A few observations from the Orlando Magic's 105-99 loss to the Dallas Mavericks last night...
Orlando Magic center Dwight Howard has tallied at least 20 rebounds in three consecutive games, all coming since the announcements of Orlando's major trades. Coach Stan Van Gundy's noticed Howard's improved activity level.
"His energy and effort was off the charts," Orlando's coach said following the loss to Dallas. "I thought he was playing as hard as he's played since I've been here, and against good competition. You couldn't ask him to do a whole lot more than he did tonight. I thought he worked real hard at it."
In those three games, all defeats, Howard's averaged 23.7 points, 21 rebounds, and 2 blocks. But Van Gundy praised his star center's performance against Dallas as his finest of late.
Earl Clark ranks as, by far, the least-known commodity the Magic acquired in their series of trades over the weekend.
"I'm not that familiar with Earl Clark," Magic guard J.J. Redick said the night the trades happened. "I don't know a whole lot [about Clark]," Van Gundy said last night, just after announcing Clark would probably get a chance to play against the Dallas Mavericks due to injuries to Malik Allen, Ryan Anderson, and Daniel Orton.
But in his 13-minute debut with the team, Clark showed flashes of the all-around skill that prompted the Phoenix Suns to use the 14th overall draft pick last season on the former Louisville Cardinal. Though held without a rebound, Clark shot 3-of-3 from the floor for 6 points, and added an impressive drive-and-dish assist to Brandon Bass for a jam. At 6-foot-10 with an above-average handle and great athleticism, Clark has the physical tools necessary to become an impact player for Orlando down the line. Co-captain Jameer Nelson liked what he saw.
"He just was out there with a lot of energy, and their defense lost him because of his energy. He was all over the place, slashing to the basket, doing things that made his defense miss him," said Nelson, who added that Clark still needs work on his own defense. But Nelson is confident Clark will understand that end of the court soon enough. "He seems like a smart guy and willing to learn, and a coachable guy."
Clark accounted for 3 of the 10 baskets the four Magic newcomers made last night. Not bad for a player most analysts regarded as a throw-in to Orlando's trade with Phoenix.
Van Gundy doesn't know how much time he'll need to properly integrate the newcomers with the squad--"It's going to take as long as it takes," he said--but he has an idea of how Orlando's trades will affect the point guard rotation.

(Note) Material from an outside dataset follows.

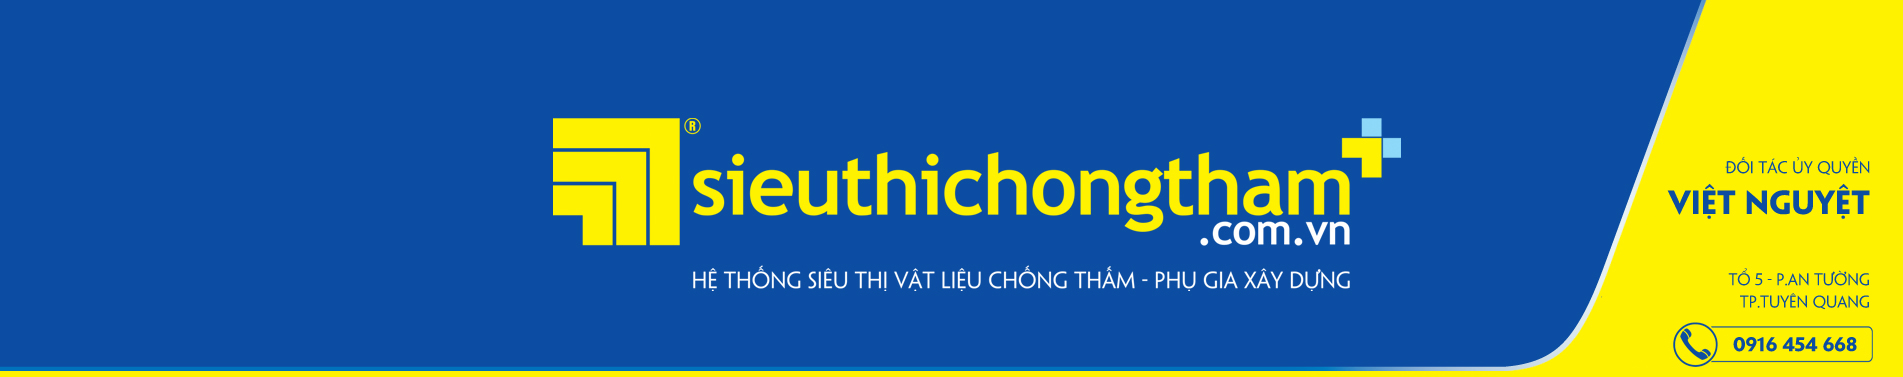 Viet Nguyet Banner

"It's going to be tough right now," Van Gundy said. "I don't see a way to play--at least on a nightly basis--Jameer and Gilbert [Arenas] and J.J. [Redick] and Jason Richardson and one of those point guards [Chris Duhon and Jason Williams]. I don't see how that can be done."
The Magic signed Duhon to a four-year deal worth $3.5 million annually this summer, but the acquisition of Arenas, who can shift between both guard spots, seems to have put him squarely out of the rotation for the foreseeable future. Williams, who had eaten into Duhon's minutes even prior to the trades, also figures to stand on the outside looking in as long as both Nelson and Arenas are healthy.
Tim Povtak reported Orlando is open to trading Duhon, perhaps in combination with another asset, for a backup big man.
After wrapping up with the media, Arenas, who's missed 199 games due to injury or league suspension over the last three seasons, stood on the swivel chair in front of his locker to reach some personal effects stashed in a cabinet just out of his reach. Another writer and I discussed how we would report what could happen if he were to injure himself at that moment. Just another way to pass time in an NBA locker room, I guess.
Clark took the locker stall Mickael Pietrus used to claim, which sits on the left side of Orlando's circular locker room at Amway Center. Arenas now has Marcin Gortat's former stall on the complete opposite side of the room. Hedo Turkoglu assumed Vince Carter's uniform no., 15, as well as his locker, which stands two stalls down from Nelson's. Richardson staked his claim to Rashard Lewis' old locker, two stalls down from Howard's.
The new players' lockers, understandably, do not yet have proper nameplates. The contrast between their lockers and the standbys' is pretty striking. Instead of a metal strip printed with their name and uniform no., the newcomers have to make do with a simple square of masking tape, with their uniform no. scrawled on it, to identify their stalls.